Wie ein Pfeil mit Widerhaken

Frankfurts Stadtdekan zu Eltz begleitete das Projekt von Anfang an – er ist auch zufrieden, wenn „Youcat“ auf Kritik trifft

 

Ausgabe 19 vom 8. Mai 2011

Fast zehn Jahre lang trafen sich junge Leute im Sommer, um über ihren Glauben zu reden. Dann erst kam der „Youcat“. Foto: privat

Gegen „weichgespülte Antworten“: Johannes zu Eltz will den Jugendlichen etwas zumuten und etwas zutrauen. Foto: Bistum Limburg

700 000 Exemplare gehen an die Teilnehmer des kommenden Weltjugendtags. Der neue Jugendkatechismus „Youcat“ ist jetzt schon ein Weltbestseller. Aber wie wird er am besten gelesen und verstanden? Ruth Lehnen fragte den Frankfurter Stadtdekan Johannes zu Eltz, der das Projekt von Anfang an begleitet hat.

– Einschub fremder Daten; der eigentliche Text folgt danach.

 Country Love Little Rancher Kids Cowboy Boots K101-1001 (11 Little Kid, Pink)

Frage: Am Anfang der Arbeit stand das Chaos. Sie sagen, Sie hätten zusammen mit den 65 beteiligten Jugendlichen den Katechismus „geschreddert“. Wie soll man sich das vorstellen?

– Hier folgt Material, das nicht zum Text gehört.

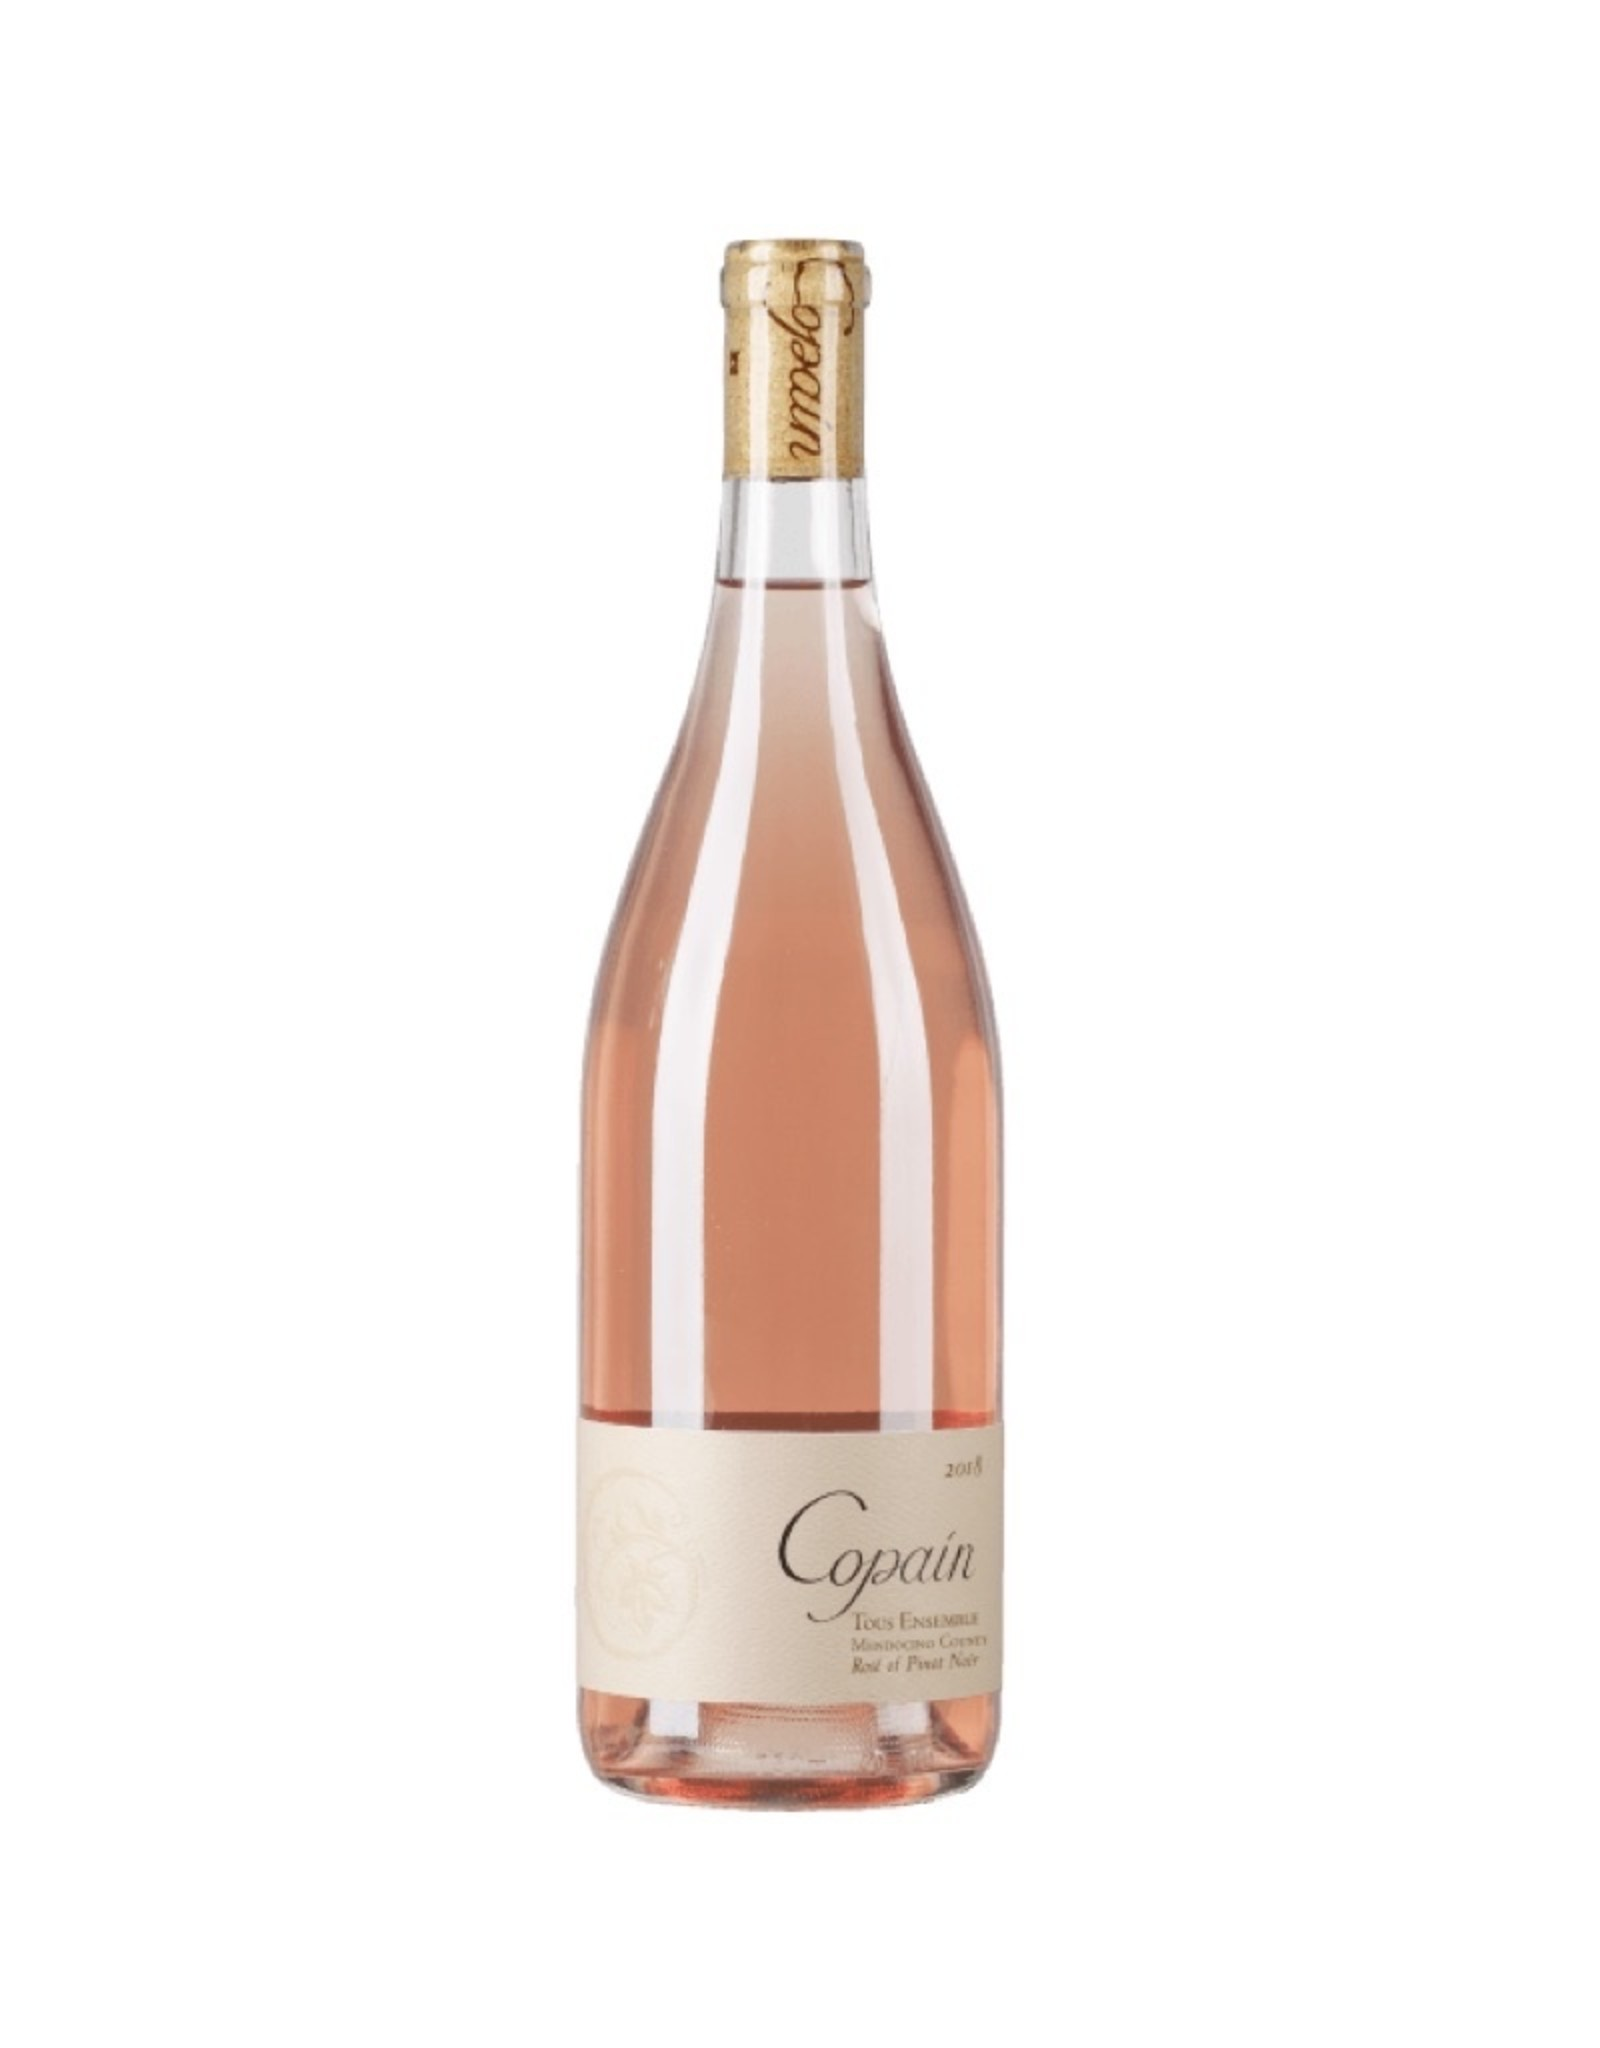 Copain Wines Rose, Tous Ensemble, Anderson Valley, 2019

Johannes zu Eltz:Wir sind vom Kompendium des „Katechismus der Katholischen Kirche“ von 2005 ausgegangen. Den haben wir als eine Art Steinbruch benutzt. Es ging darum, welche Fragen die Jugendlichen stellen, was sie auszusetzen haben, was ihnen fehlt, was sie langweilt. Es waren Jugendliche, die sich über zehn Jahre immer wieder im Sommer getroffen haben, um über ihr Leben und ihren Glauben zu sprechen. Sie waren nicht darauf getrimmt, den Katechismus gut zu finden. Mit „schreddern“ meine ich, der Prozess war ergebnisoffen. Es wurde sehr hart gearbeitet und intensiv diskutiert. Das war kein Spaß; für die Jugendlichen nicht und für uns Erwachsene auch nicht.

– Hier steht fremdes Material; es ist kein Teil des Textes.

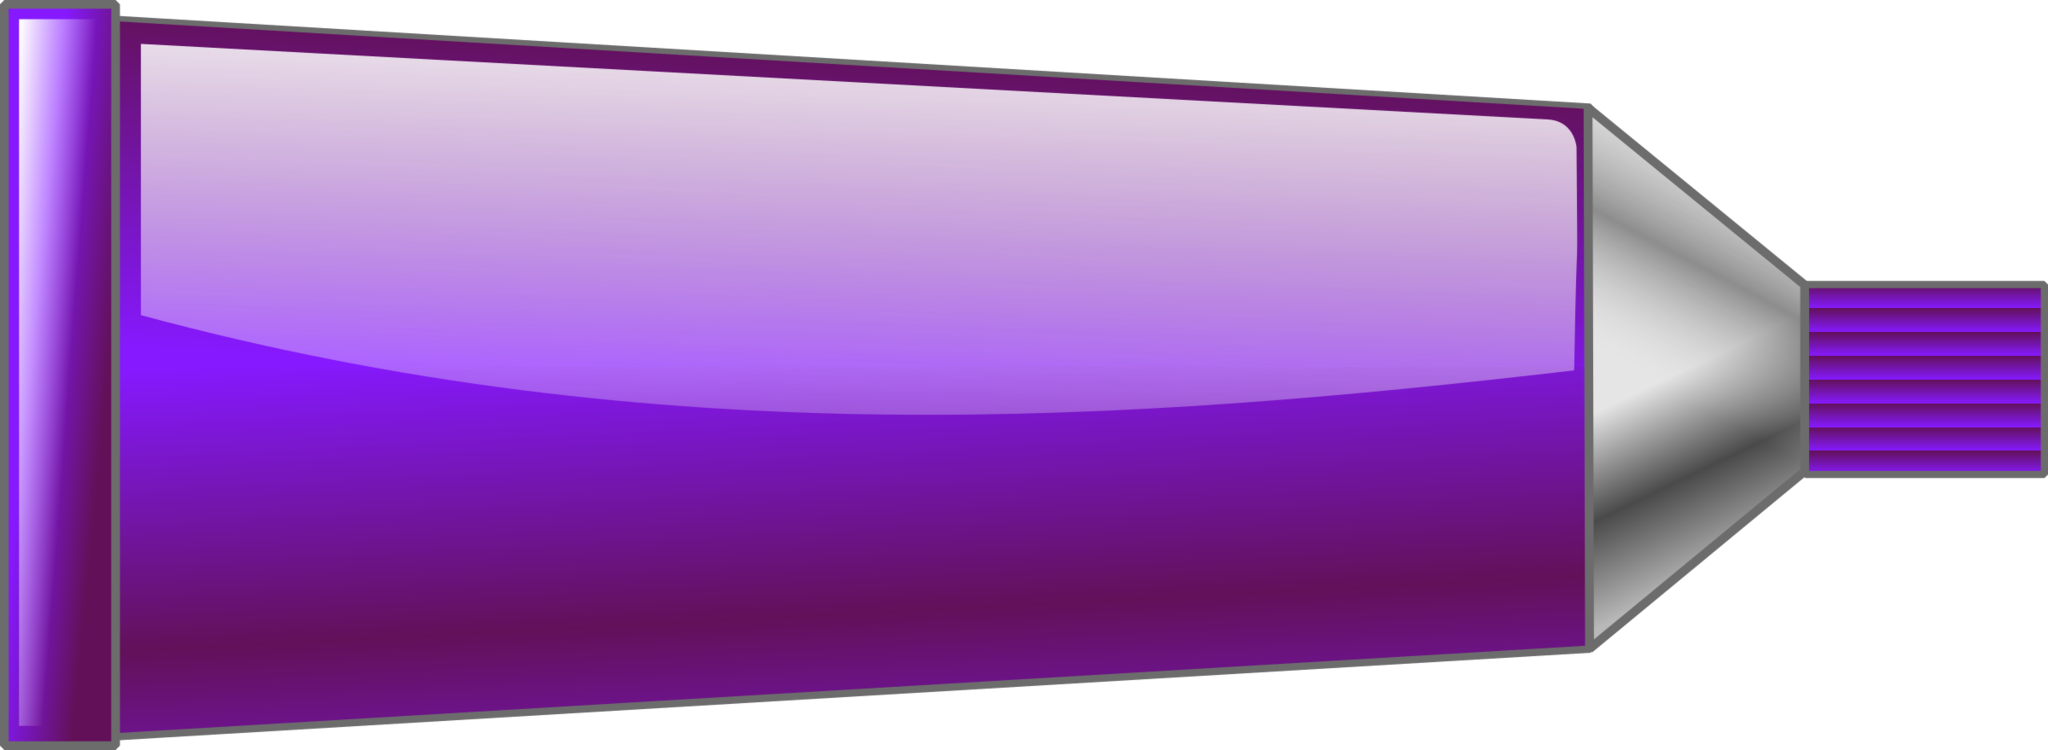 Square,Angle,Purple

Und wie wurde daraus das Buch aus einem Guss, das der Papst so dringend empfiehlt?

Die eigentliche Textarbeit haben am Schluss vier Autoren gemacht: die Familienfrau und Theologin Michaela F. Heereman, der Verleger Bernhard Meuser, Pfarrer Christian Schmitt und ich; intensiv dabei war der Arzt und Autor Manfred Lütz.

Was jetzt schwarz auf gelb geschrieben ist, das müssen Jugendliche glauben?

„Youcat“ ist ein Buch zum Zusammensetzen und Auseinandersetzen. So wie wir es verfasst haben, so soll auch damit umgegangen werden. Bei einem Vorstellungstermin in Frankfurt hat eine junge Frau gesagt: „Je mehr Antworten ich im Youcat lese, umso mehr Fragen habe ich.“ Das macht mich ganz glücklich.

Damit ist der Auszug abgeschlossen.